ABOUT OUR COLOURS

It is possible to purchase a full set of 12 “professional” oil paints for less than ten dollars on the web. So how are The Art Treehouse Oil Colours different? Art Treehouse Colours are made by mulling (mixing – not grinding) pure pigments in oil. Inexpensive factory produced paints do not have high concentrations of pigment, because pigment is so expensive. It is quicker and less expensive to simply take a neutral paint base and add pigment to it, much as is done with house paint. It is possible to paint directly with these colors, no medium is required. However, any possibility of using the textures of the pigments is lost.

Oil painting is unique precisely because it makes use of the individual qualities of the pigments. The history of oil painting is filled with stories of artists and their colour makers gathering various exotic pigments and working them into oils.  Each pigment has a different texture, and the artists knew how to work with them. This is very different from, say, printing a color image using a computer. A laser printer or inkjet printer prints one texture only. Likewise with any tempera or acrylic paint that has a uniform consistency from tube to tube.

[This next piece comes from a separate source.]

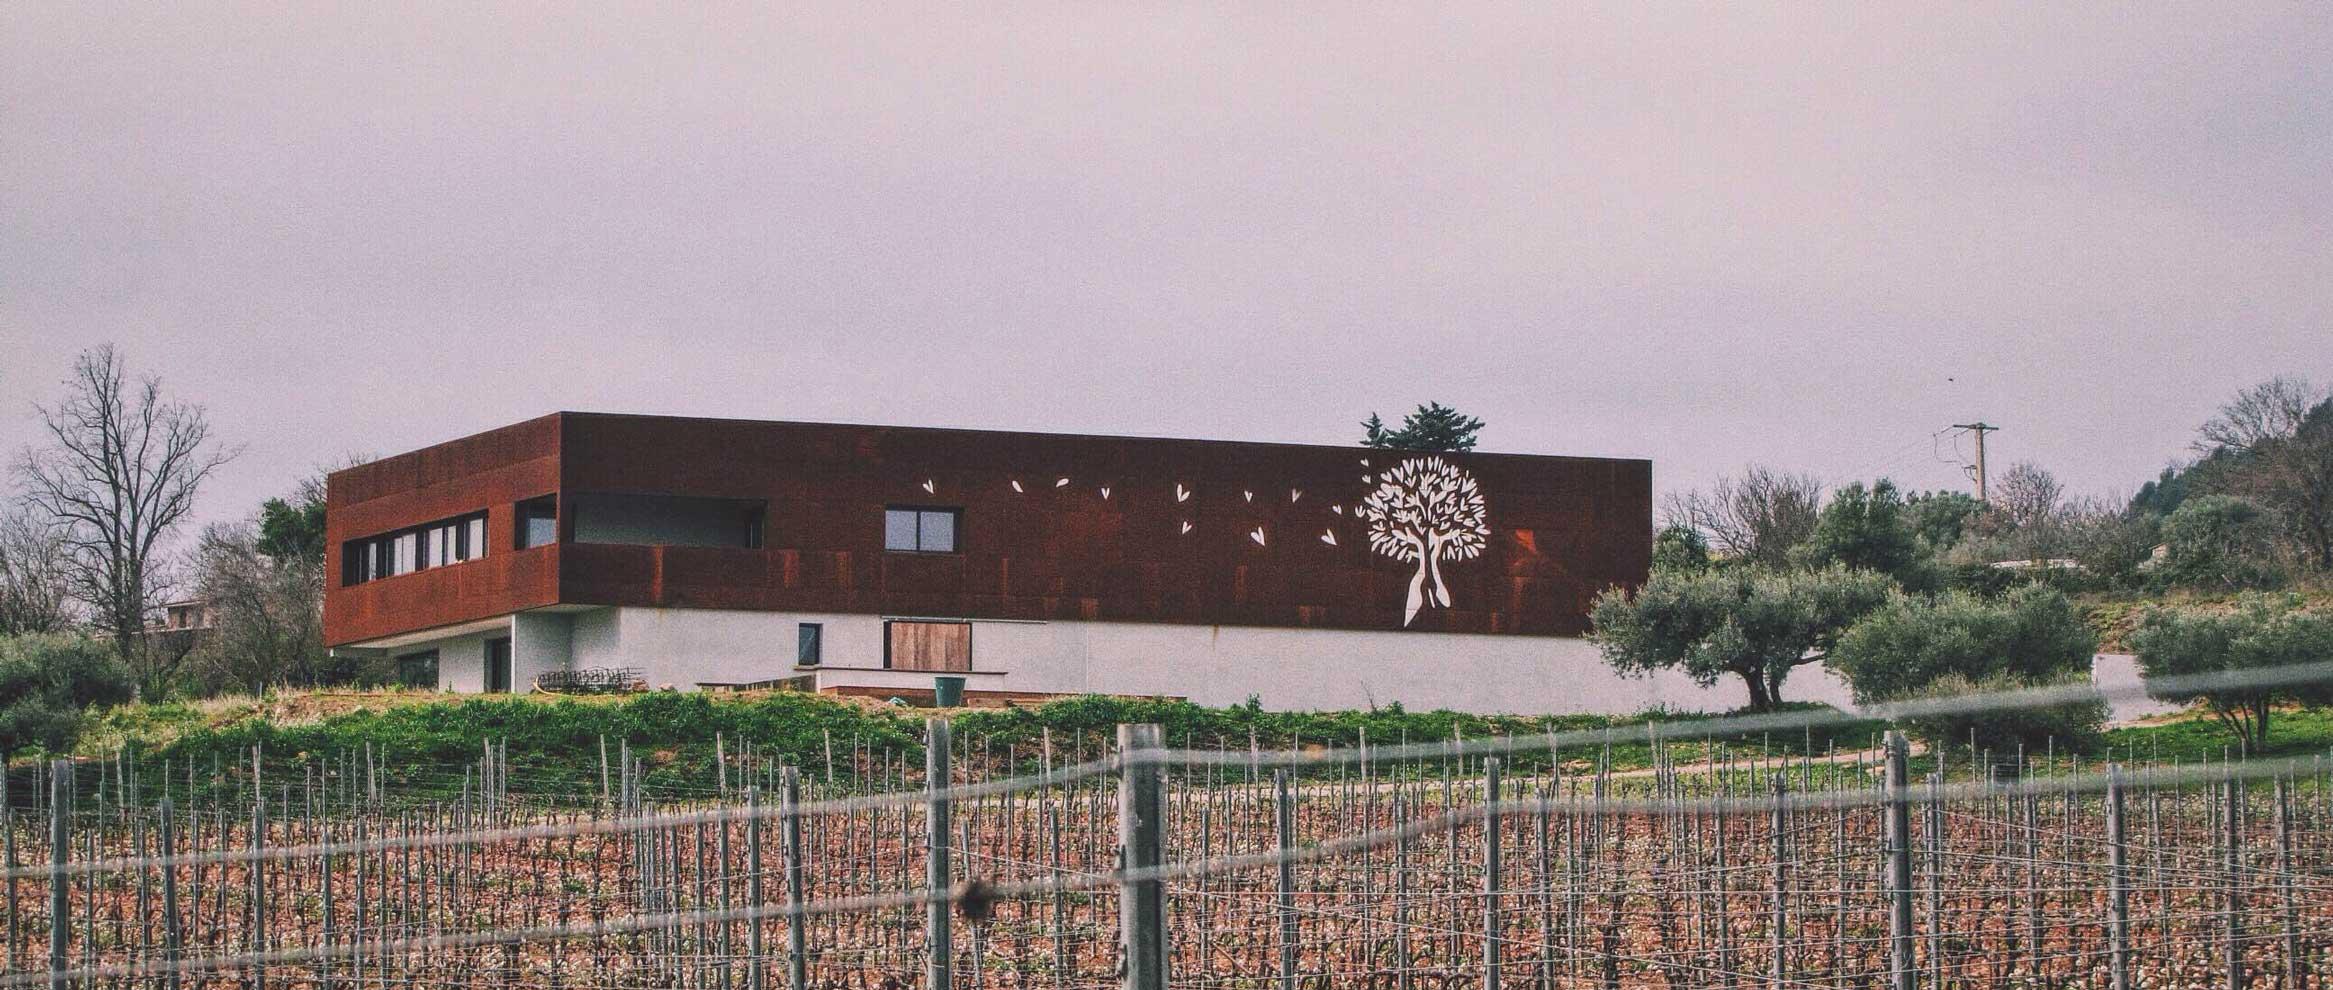 domaine viticole hermitage saint martin cuers

Some manufacturers of oil paints modify their paints so that they are all “buttery” or “ropey”, usually promoting this uniformity as superior. However the textures and brushing qualities of the pigments are lost. The pigments in their natural state will sometimes produce short paints, and sometimes long, depending on several factors such as the particle size and specific gravity. To change the natural quality of a pigment requires the use of additives. A small amount (less than 1%) of some additives may be helpful to improve the paint quality, but in general the excessive use of additives does more harm than good.

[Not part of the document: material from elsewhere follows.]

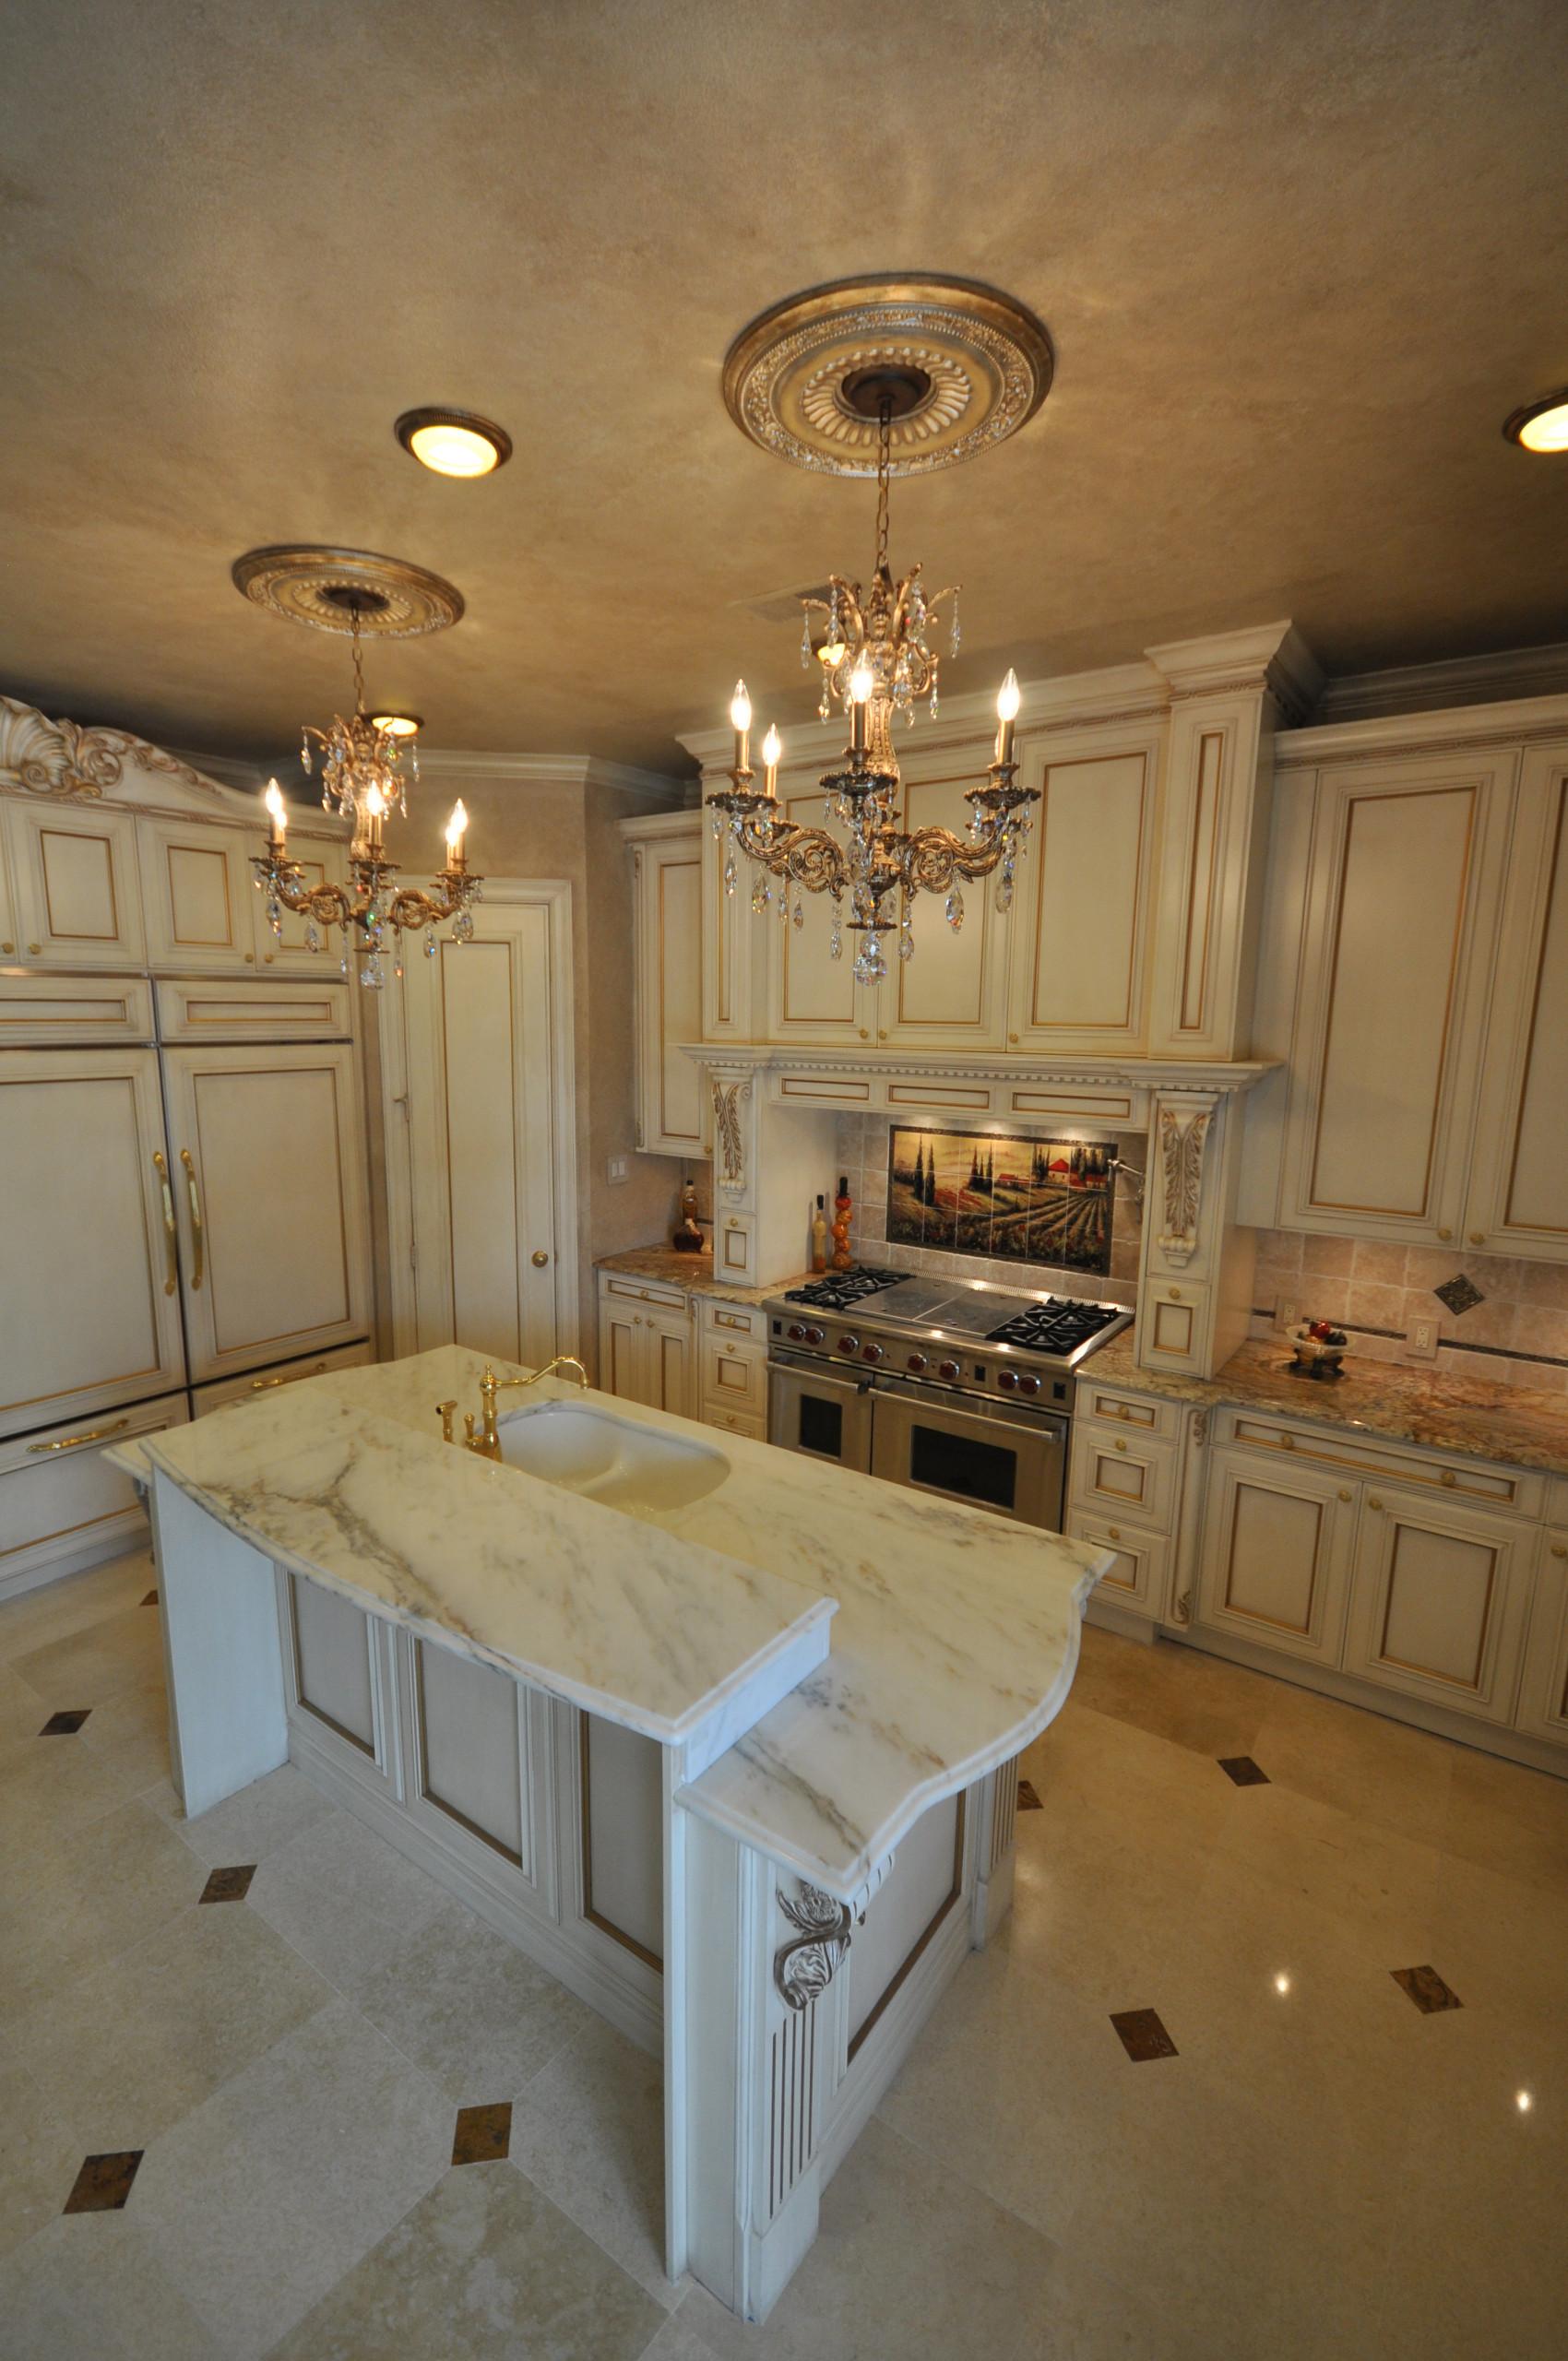 Kitchen and floor remodel.x

Art Treehouse Colours contain no solvents or alkyds. They are made with pure walnut or linseed-flax oil, and pigments. They are compatible with many mediums such as…
Linseed Oil
Walnut Oil
Impasto Medium
Varnish Medium
Oil of Spike Lavender
Biobased Thinner

Notice that we do not use the term “paint”, but instead use the word colour. This is to signify that in general these colours work exceptionally well when enriched with a medium. Because of their high concentration of pigment, they are more than just “paint in a tube”. This gives the artist much greater control over the process, where individual and unique decisions can be made regarding texture – impasto or glaze, buttery or ropey, glossy or flat, fine or coarse.

When the term Colour is used, it is exciting to think in terms larger than just a hue on the color spectrum. A colour encompasses much more, including the texture, viscosity, rheology, and even the history of the colour. This is an important part of what makes oil painting so interesting and rewarding. It is what makes oil painting unique.